Bibliographic record
Abstract
It is our great pleasure to welcome you to the 1st ACM International Workshop on Mobile Entity Localization and Tracking in GPS-less Environments -- MELT'08. Location-awareness is a key component for achieving context-awareness. Recent years have witnessed an increasing trend of location-based services and applications. In most cases, however, location information is limited by the accessibility to GPS, which is unavailable for indoor or underground facilities and unreliable in urban environments. Much research has been done, in both the sensor network community and the ubiquitous computing community, to provide techniques for localization and tracking in GPS-less environments. Novel applications based on ad-hoc localization and real-time tracking of mobile entities are growing as a result of these technologies.
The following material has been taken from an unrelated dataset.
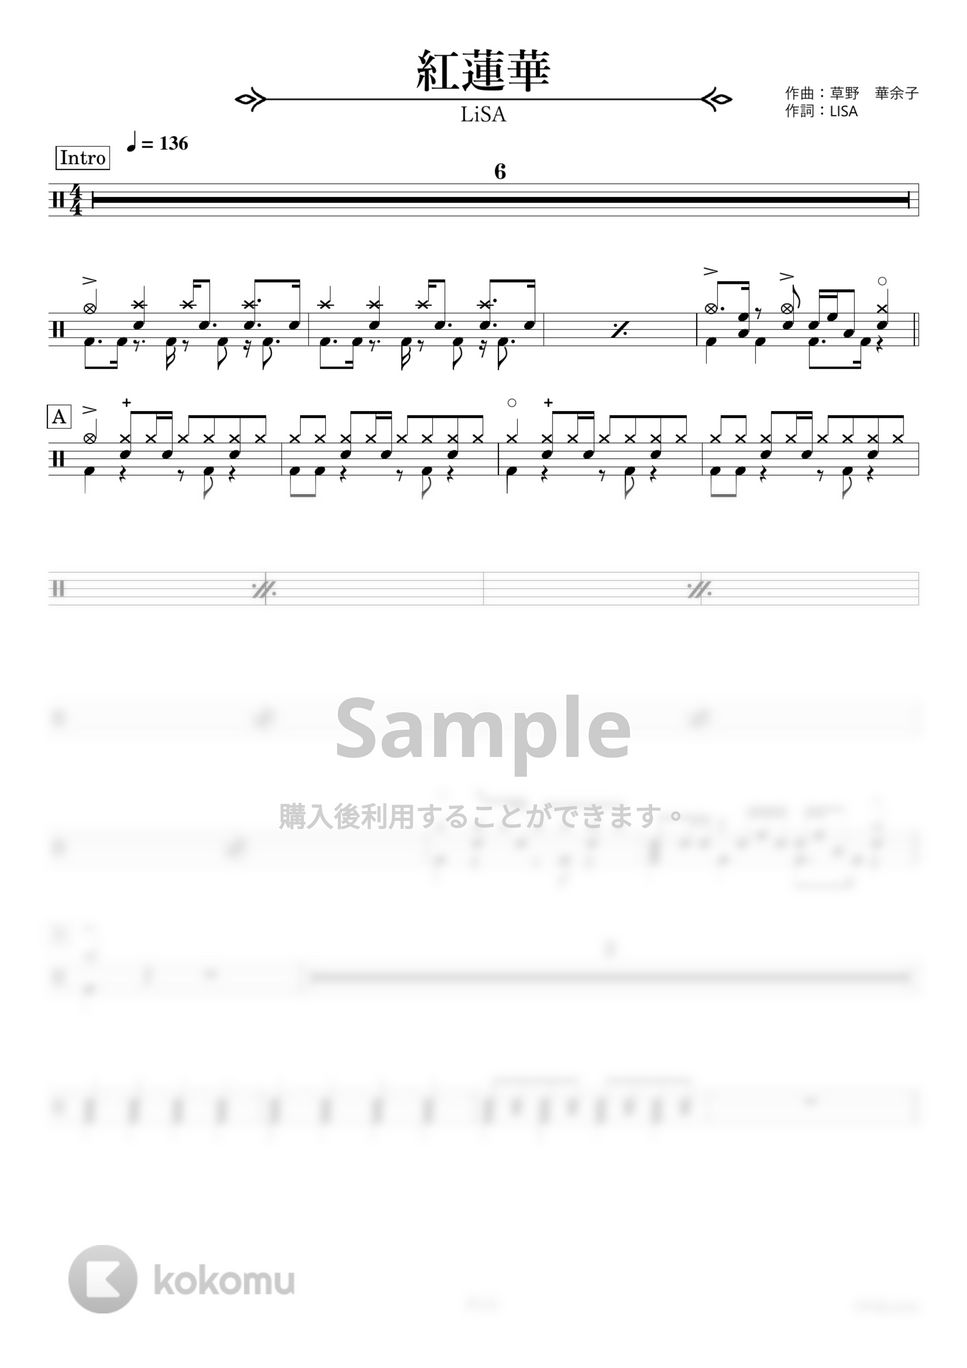 LiSA - 紅蓮華【ドラム楽譜】 by HYdrums

It is time to bring leaders from both the academic and industrial research communities to discuss challenging and open problems, to evaluate pros and cons of various approaches, to bridge the gap between theory and applications, and to envision new research opportunities in MELT. The call for papers attracted 38 submissions from Asia, Canada, Europe, and the United States. The program committee accepted 14 papers for oral presentations and 9 papers for poster presentations. The workshop consists of four technical sessions and three poster sessions, with topics covering areas of optimization and signal processing techniques, novel radio signal strength based methods, as well as systems and applications in MELT.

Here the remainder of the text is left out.